[Guest]

A man and a woman have two children each. At least one of the woman's children is a boy, and the man's oldest child is a son.

What is the probability that the woman's child not mentioned is a boy? And the man's? Are they even different?

[bonanova]

I'm just trying to figure out how the math works for it.

Here's a hint.

With the assumption of equal probability of boy/girl at each birth,

families with two children will have opposite gender children half the time

and same gender children half the time. [boys 1/4 and girls 1/4].

That should help you with the math.

[Guest]

But random births/survival of the fittest etc. should all still not affect the male/female ratio. I understand what you're saying about the indigenous populations, but I don't understand the application you make with the lion or Vietnam examples.

It's not yet fully understood by anyone - yet! Observations are being made, results are investigated and the assesments are forever developing. Which is partly my point regarding maths is avaiable but bioligy and outside influences effect the results, global warming too will probably have a degree of implicating negative/positive results.

My main point is we are a developing society trying to make choices that in this case probaly does not concur with rationality/chances/probability. The lion situation is not so far removed from humans, King Herod, most egyptian/roman pious attitudes regarding domination and control.

regarding math, the puzzle as it stands. 50/50 (subject to bioligical influences and human nature being a strange beast to say the least)

[Guest]

Surely its 1 in 2

[Guest]

Are you comfortable with saying that EXACTLY one third have two boys, and EXACTLY two thirds have one boy and one girl? I didn't think so. We're talking probability, which is math, so I'm just trying to figure out how the math works for it.

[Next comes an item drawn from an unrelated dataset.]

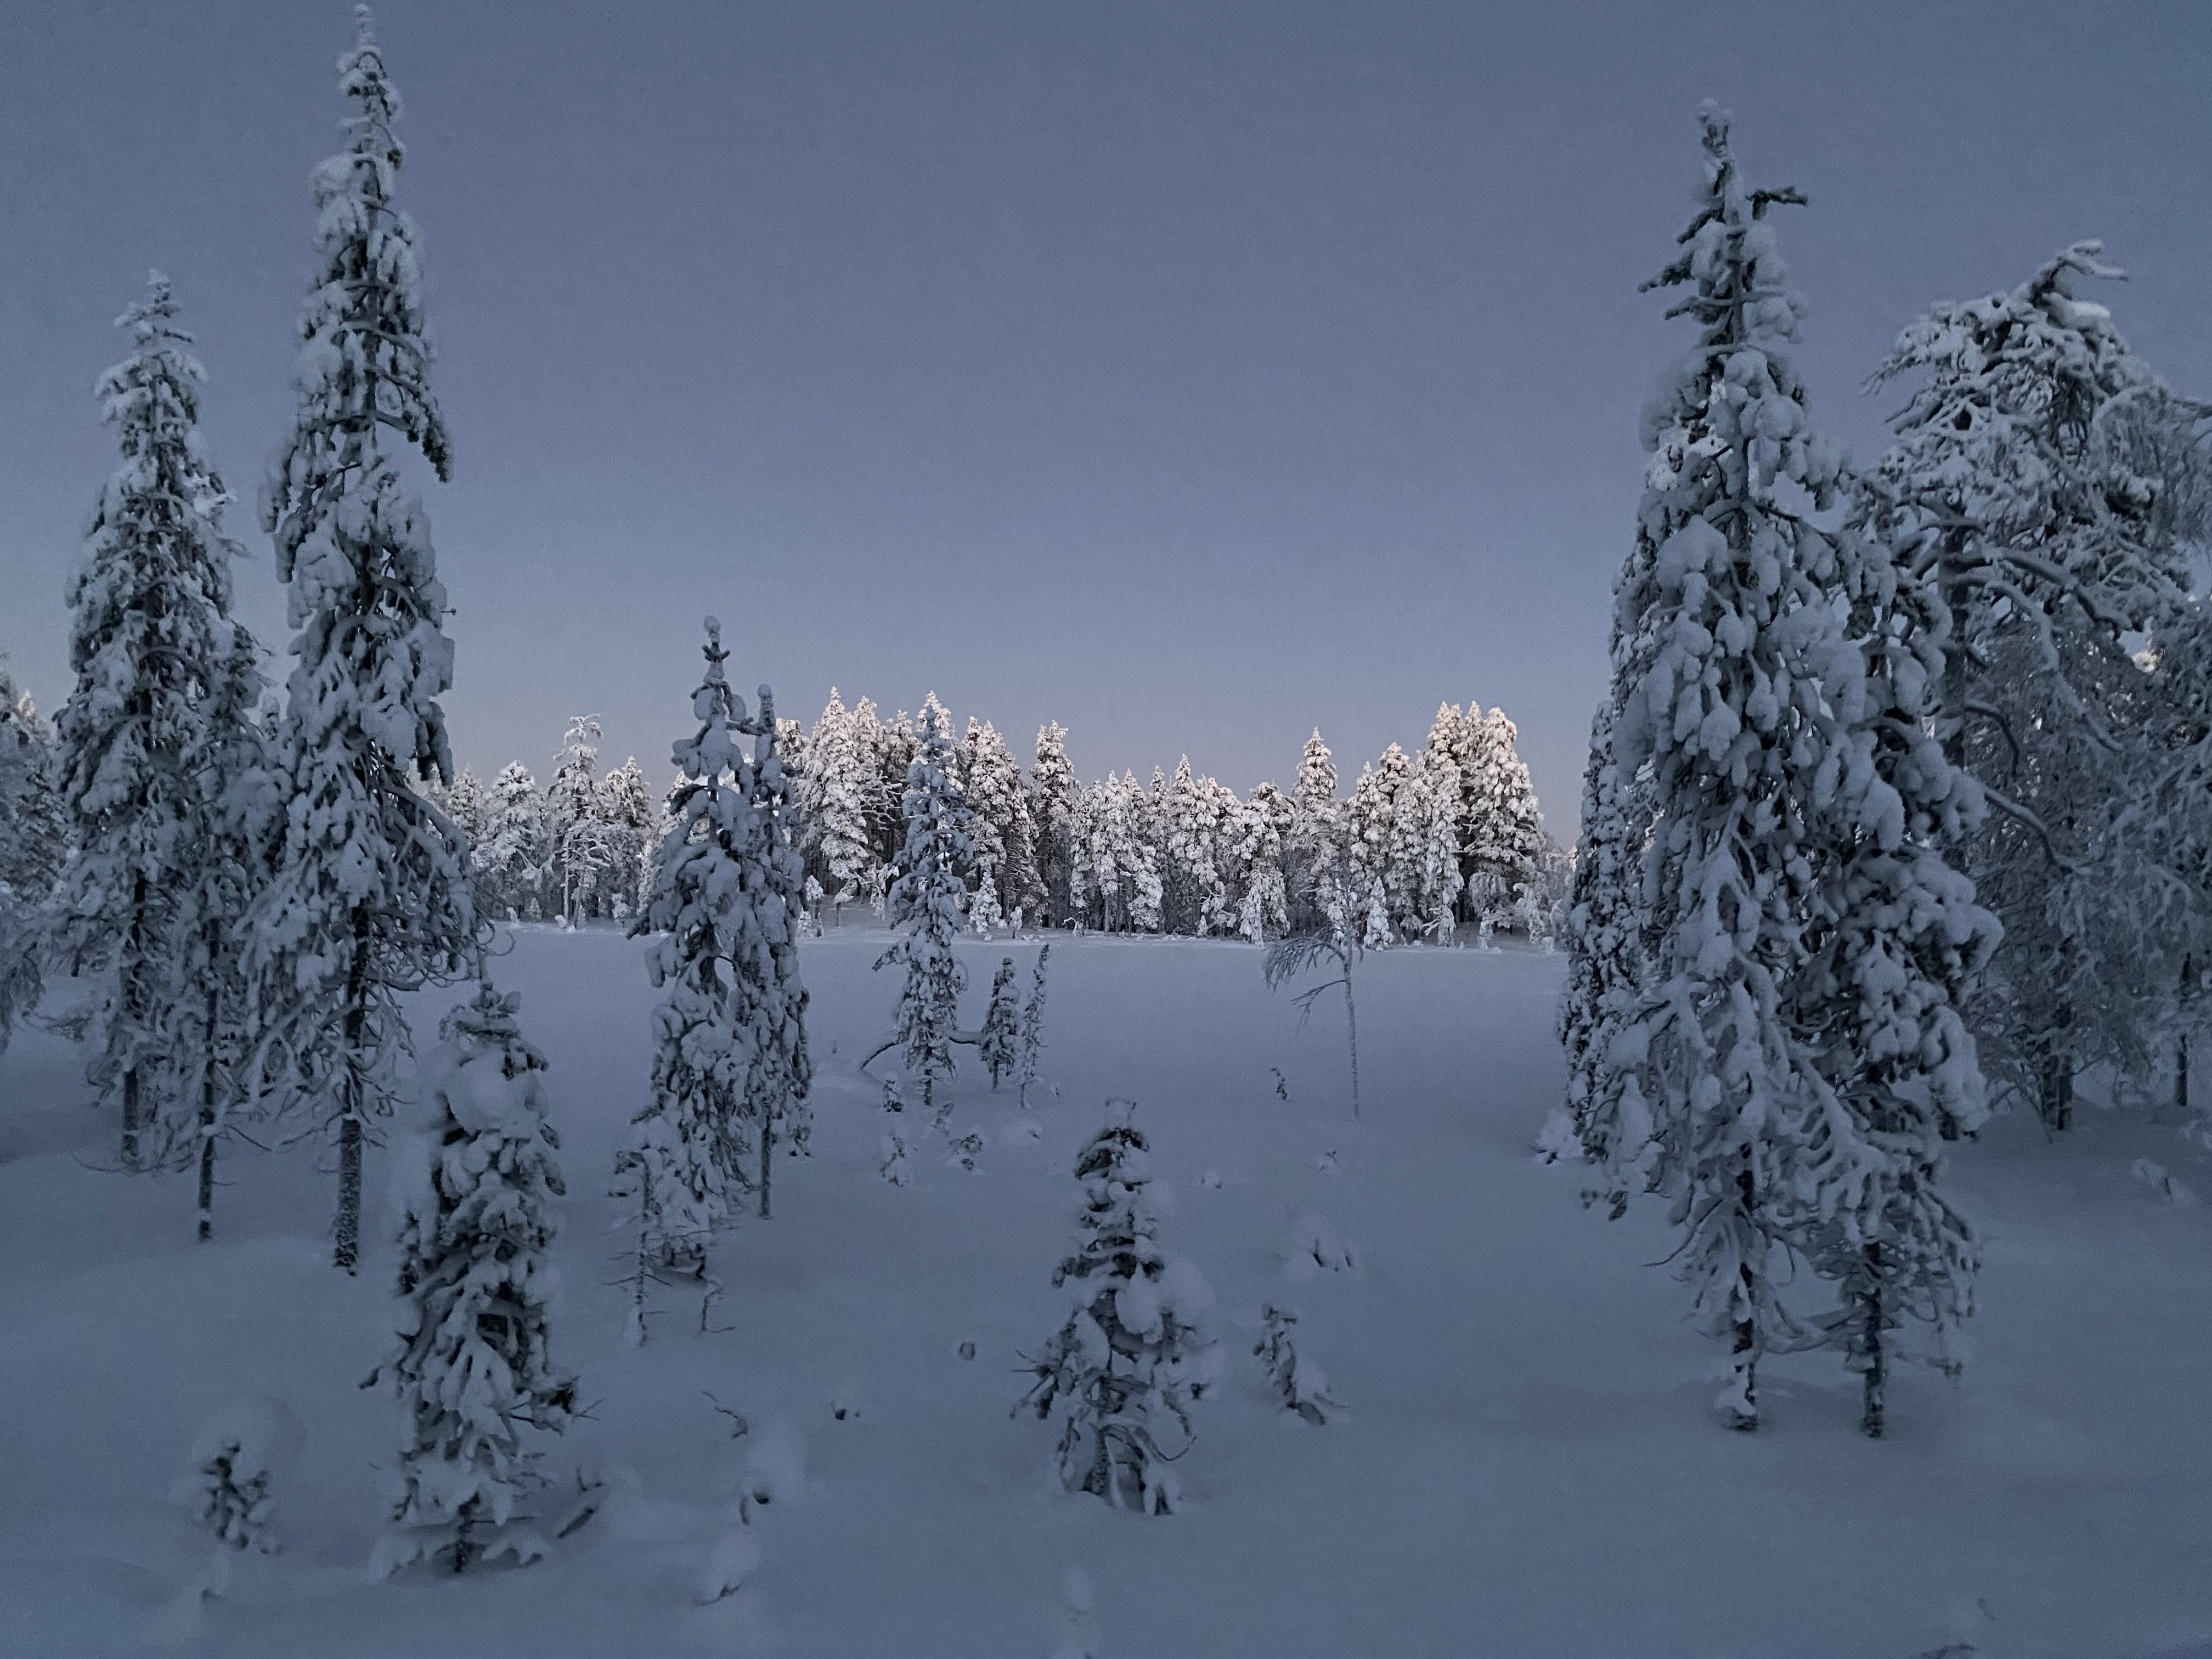 In Finnish Lapland, it’s -34.8C, hard driving conditions in the west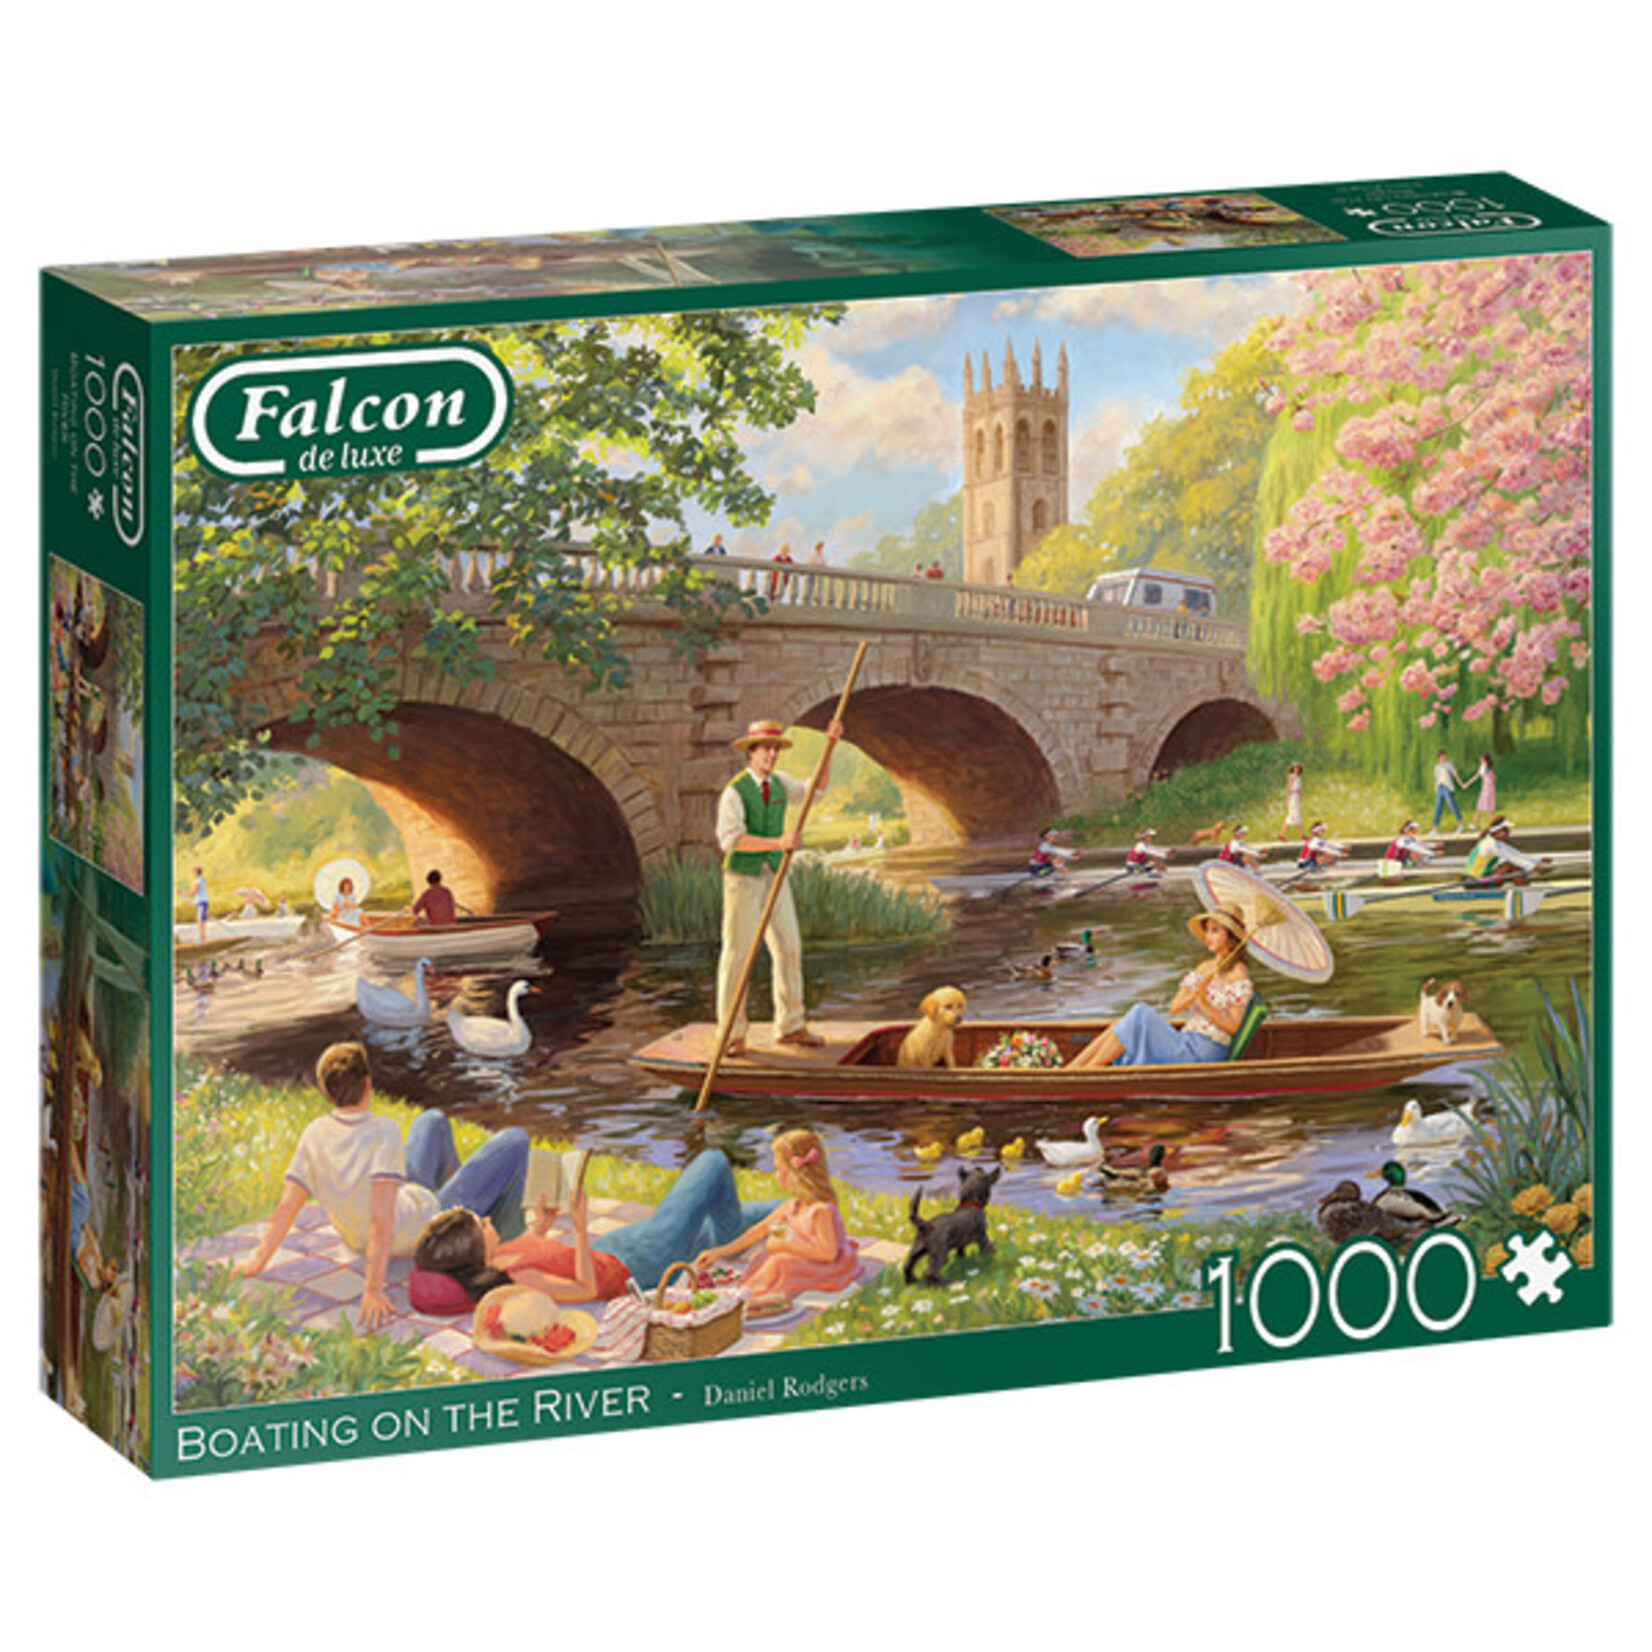 Falcon FAL11348 Boating on the River (Puzzle1000)

We never said EXACTLY two thirds have one boy and one girl and EXACTLY one third have two boys (out of those that have at least one boy). This is not how probability works. Surely you understand that. If I flip a coin twice, will you tell me that EXACTLY 1 time will be head and EXACTLY 1 time will be tails? Of course not.

We're not saying exactly, we're talking about the probabilities. It's twice as likely that the woman's child not mentioned is a girl than it is a boy. But we can't say it'll exactly happen that way.

[Guest]

Heres the problem. You seem to think that the order of the siblings affects the probability. It does not.

But lets pretend age does matter for a moment.

Lets say you know the eldest child is a boy. What are the odds that his younger sibling is also a boy? By your own admission it is 1/2.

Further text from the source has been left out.